DATASET EXTRACT:
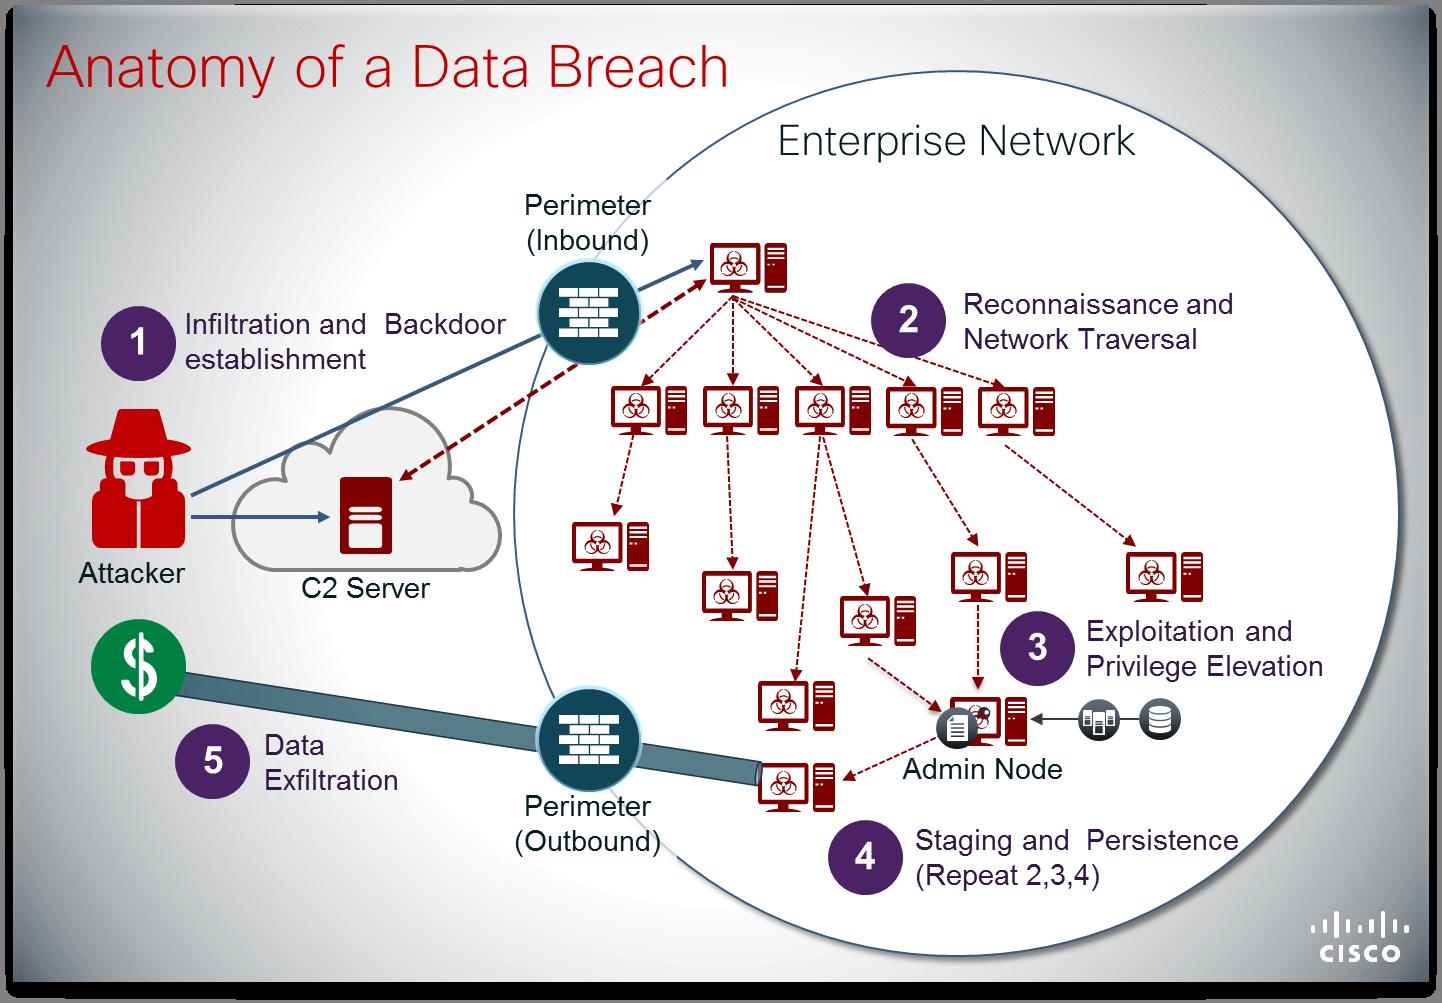 Anatomy of Data Breach
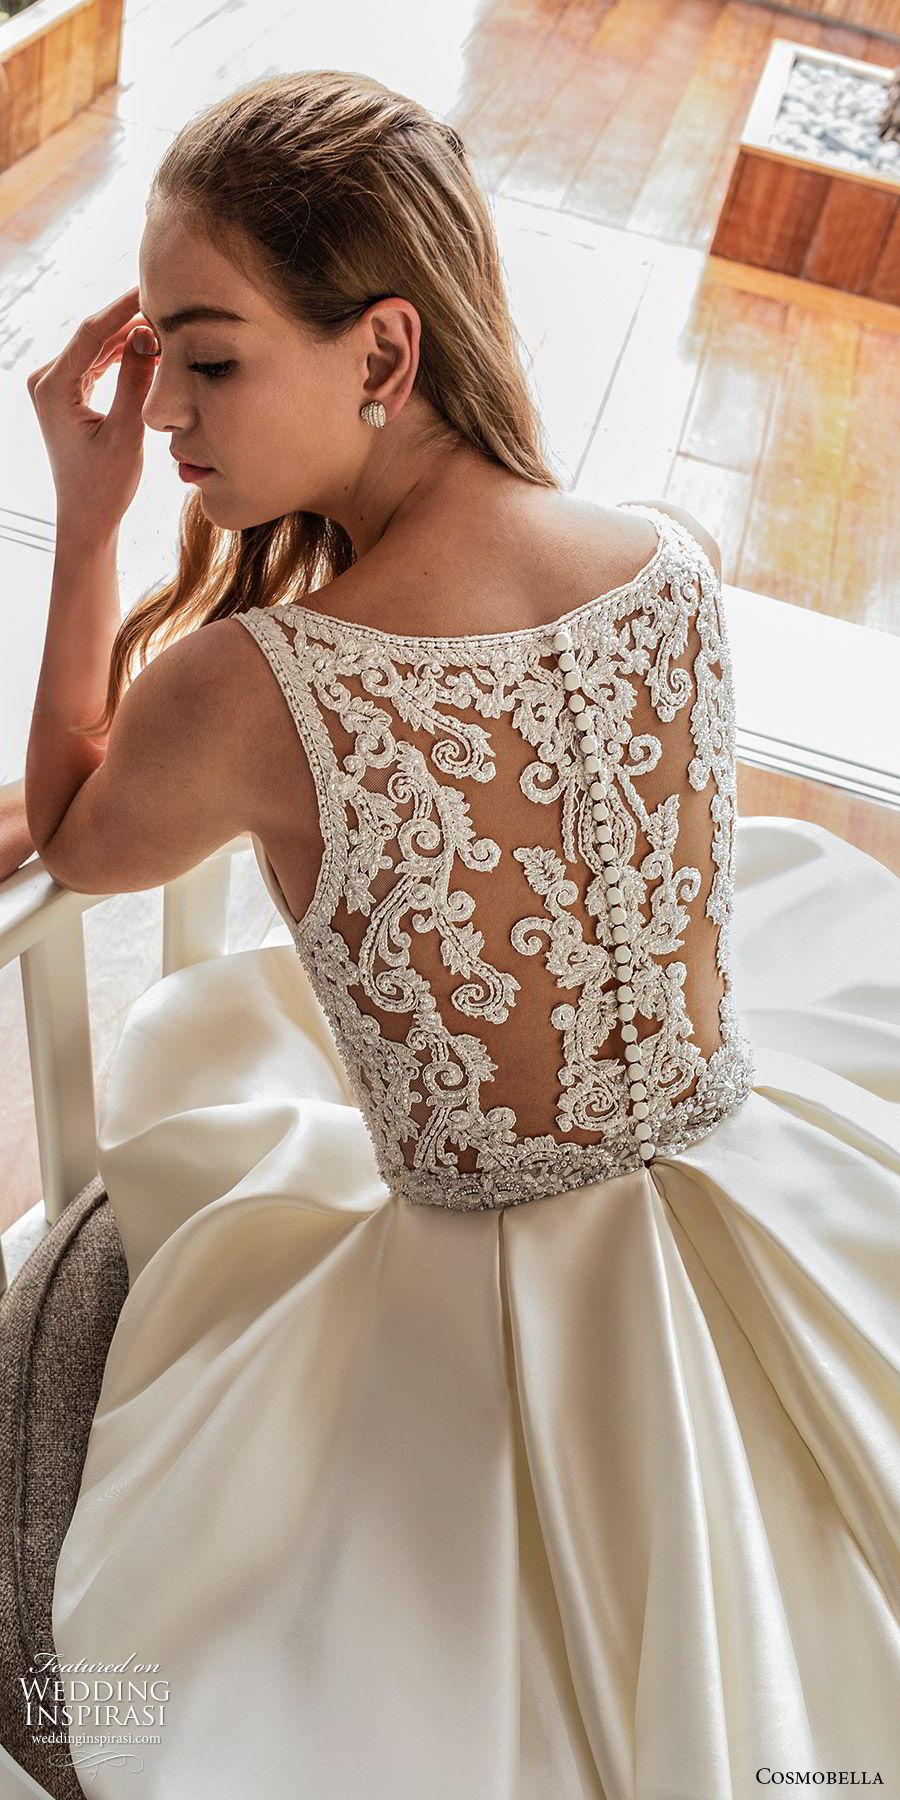 cosmobella 2020 bridal sleeveless thick straps deep v neckline split sweetheart a line ball gown wedding dress (17) princess romantic sheer lace back chapel train zbv
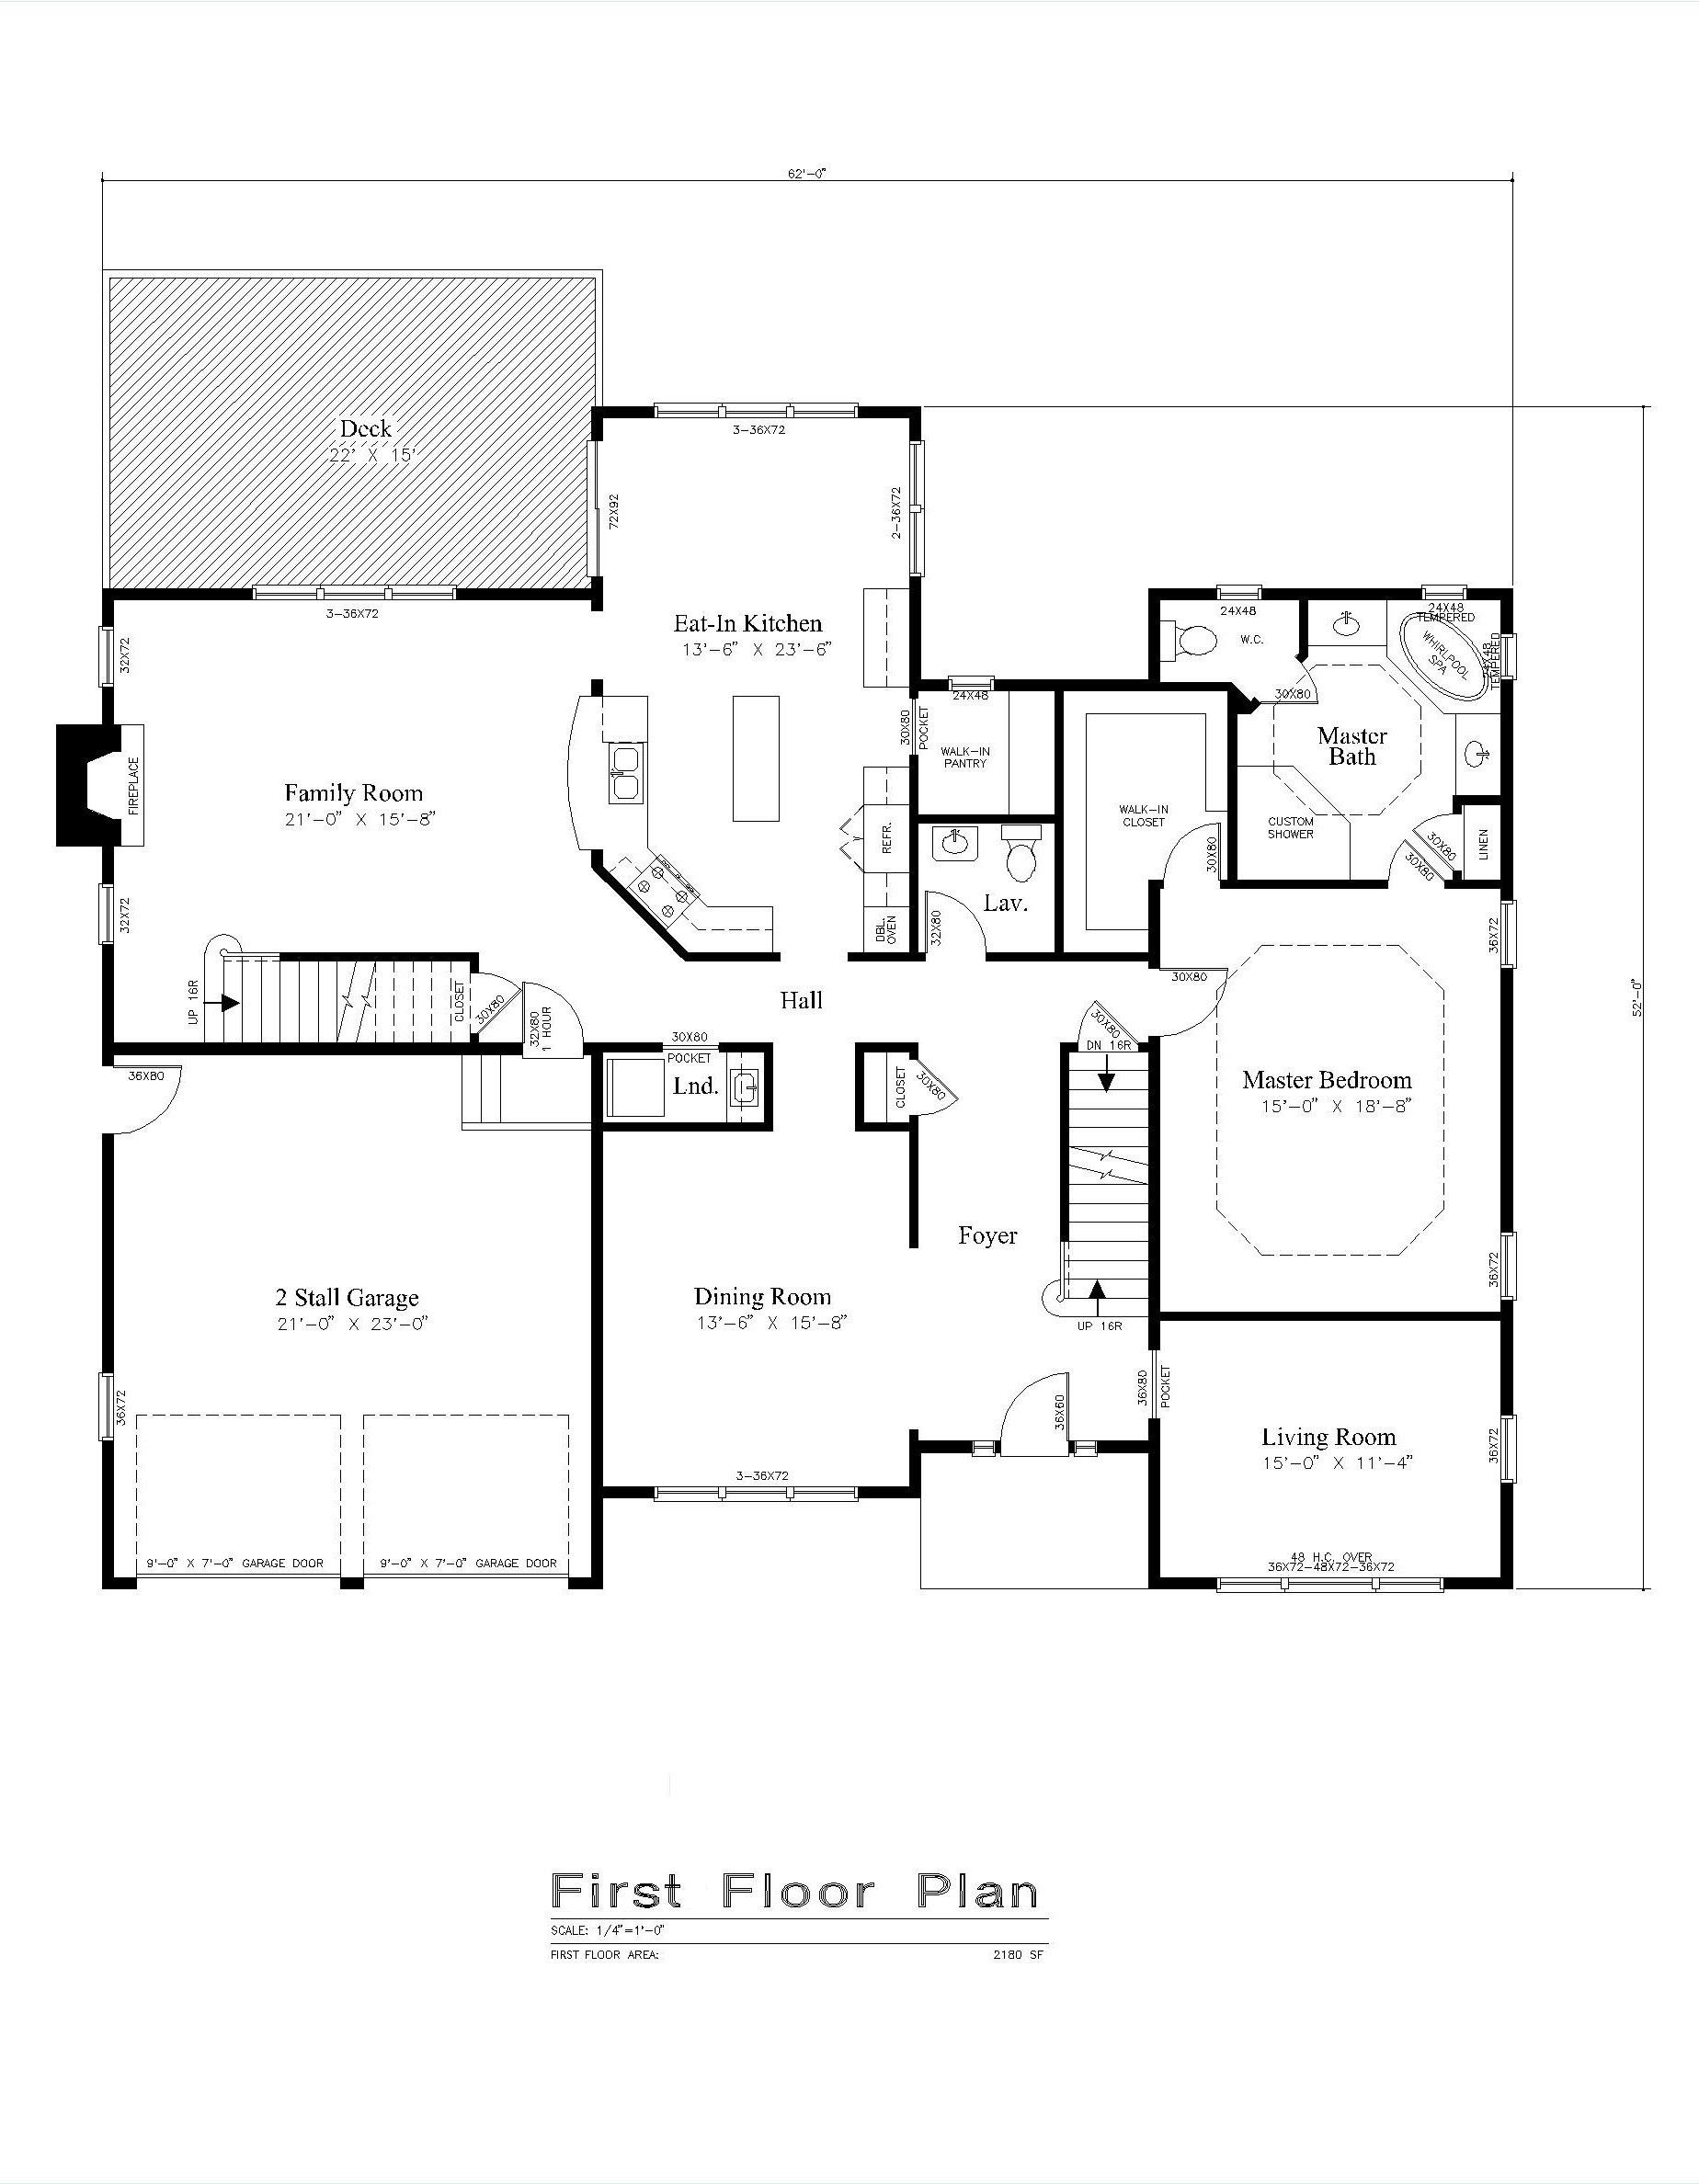 38-Stanwood-Road-9-5-13-First-Floor-Plan

ASSIGNMENT: From the listing, extract all text exactly as given and drop any picture.

RESULT FOR THIS TASK:
 Anatomy of Data Breach
 cosmobella 2020 bridal sleeveless thick straps deep v neckline split sweetheart a line ball gown wedding dress (17) princess romantic sheer lace back chapel train zbv
 38-Stanwood-Road-9-5-13-First-Floor-Plan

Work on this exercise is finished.